Does RBN give a reliable metric for comparing antennas?

I see that lots of hams depend on HF RBN to compare to antennas, or to compare before and after a change.

Experience says that A/B comparisons on HF are subject to variation in Ionospheric propagation paths, and that variation can be wide in range and rapid.

An example

Above is a plot of signal strength of an 80m A1 Morse (CW) beacon measured in 20Hz bandwidth over 15min snapshot (a terrestrial path of length 105km).

The signal strength ranges over 35dB during that period, and can change 15dB in 15s.

Note that the variation is likely to be frequency, path and time dependent.
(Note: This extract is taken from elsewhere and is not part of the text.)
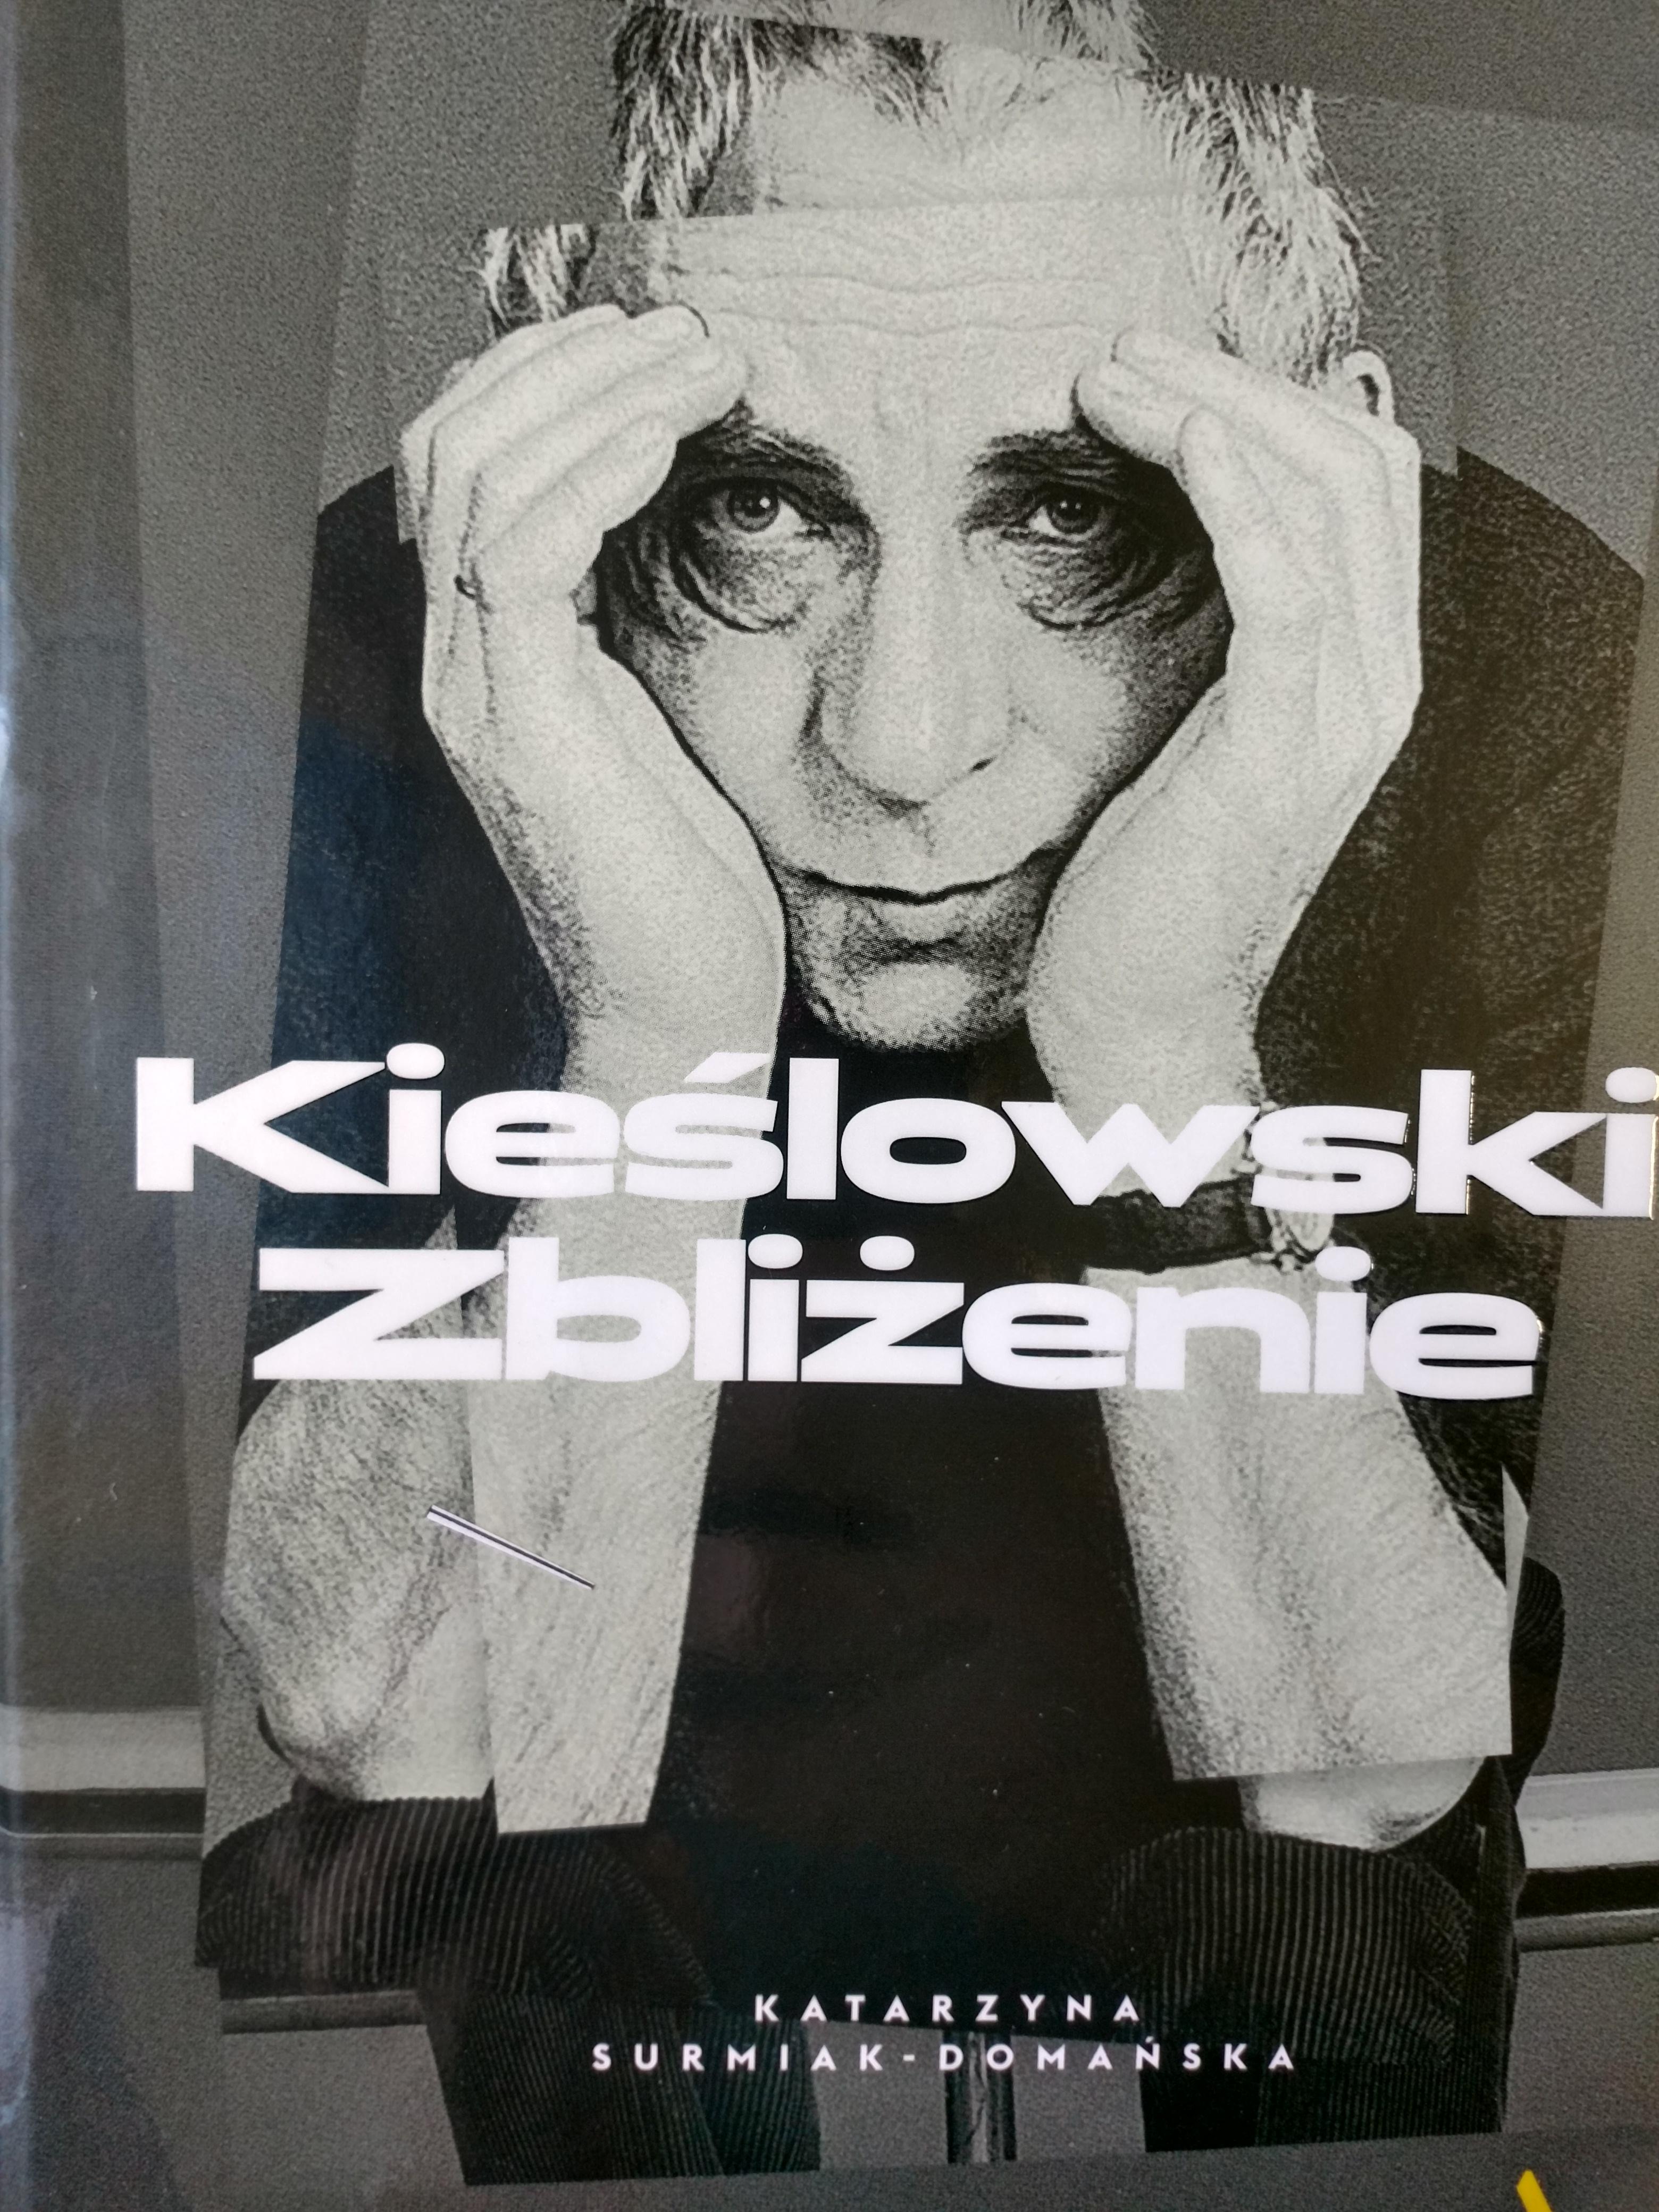 Kieślowski : zbliżenie / - Katarzyna Surmiak-Domańska

Clearly simple spot A/B comparisons, or even averaging 10 A/B comparisons is not likely to give a meaningful comparison with an underlying propagation channel showing this type of characteristic.

Parametric statistics

Be aware that this data source is not usually normally distributed, and application of parametric statistics that assume so is questionable. The above frequency distribution is not quite bell shaped, they are often much worse and usually fail standard statistical tests for a normal distribution.

Above, this data fails the Shapiro-Wilk test for normality.

What does this mean? It means that taking means, standard deviation, differences of means etc is unsound statistics, though in this case, it is not very bad. You might think of it as weakly normally distributed in this case.

BTW, rounding measurements to 1dB (as lots of tools like RBN, WSPR etc do) degrades the result of the Shapiro-Wilk test for normality.

A few random selections of 10 continuous observations yielded very poor Shapiro-Wilk test results.

Above is a typical small sample (10) rounded to 1dB, it would be quite wrong to assume normal distribution, eg to calculate the difference in means to compare two antennas, it is junk science.